Gold-giftIt’s the season for giving and receiving so it’s probably no surprise that I’ve been pondering the topic in some depth over the last few weeks. In particular, I’ve been thinking about the gifts I’ve received from having a writing life.

There have been many. Everything from the mundane (a love of really good pens) to the profound (a lengthy and life-changing interview with Elisabeth Kubler-Ross years ago). But three gifts stand out above all others.

First, writing allowed me to work and stay home with my kids when they were young. It wasn’t always easy juggling deadlines and revisions and (occasionally) book tours, but, for the most part, I was there before and after school, I was at the end of the phone if there was an emergency, and with a little bit of juggling I was able to pick up the odd volunteer shift for pizza day or the school fair. Speaking of fair, it’s only fair to point out that I did it with considerable support from Mr. Petrol Head who was as close to a hands-on parent as one can be when working out of the house.
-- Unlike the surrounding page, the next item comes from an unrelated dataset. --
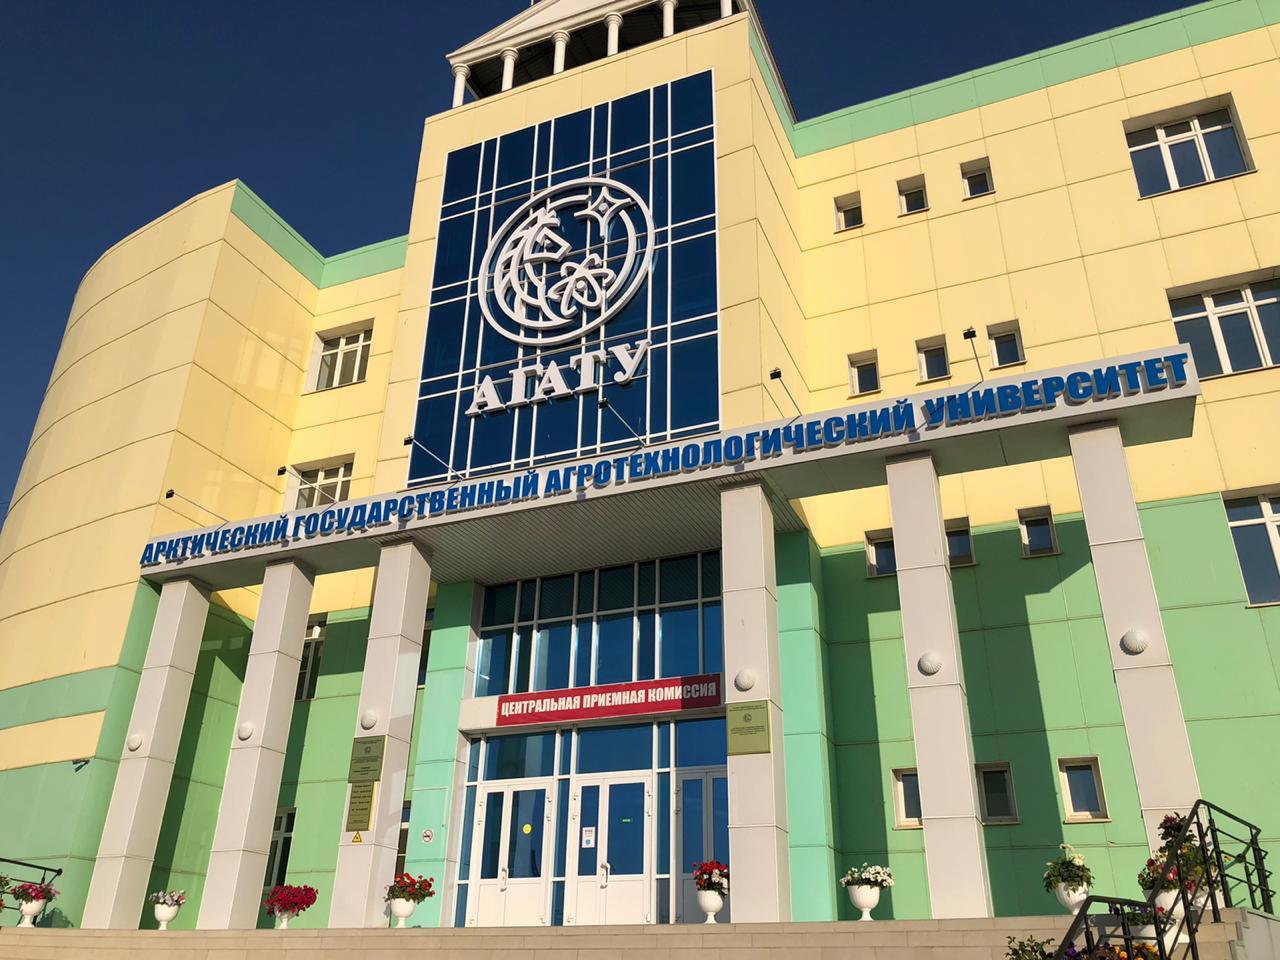 Арктический ГАТУ в числе 25 лучших аграрных вузов России

The second gift writing has brought into my life is the ability to understand the (sometimes poor) behavior of people. Admittedly, I have a natural tendency to analyze people and try to figure out where they’re coming from anyway, but writing helped me grasp on a far deeper level how character and motivation can sometimes lead to choices and actions that are, well, less than ideal. Life can be challenging. People don’t always behave heroically. An awareness of what makes people tick hasn’t always prevented me from being hurt but it has helped me make sense of things and gain perspective.

Finally, writing has brought me wealth. Not money or new cars or the ability to travel on a whim, but wealth in the form of an abundance of friends. I’m incredibly lucky to have a community of friends and colleagues who get this gig in way non-writers don’t. They’re willing to celebrate the successes and commiserate over the challenges. They understand that writing may look easy but it’s not. That the lifestyle may look glamorous and carefree but that, too, is false. They know that many people have stories to tell but not many people are willing to put in the time and dedication needed to tell them, and tell them well. My writing friends are on the path beside me. Their very presence is a gift. A gift that continues to give and give and give some more.

To them I say thank you. And Merry Christmas.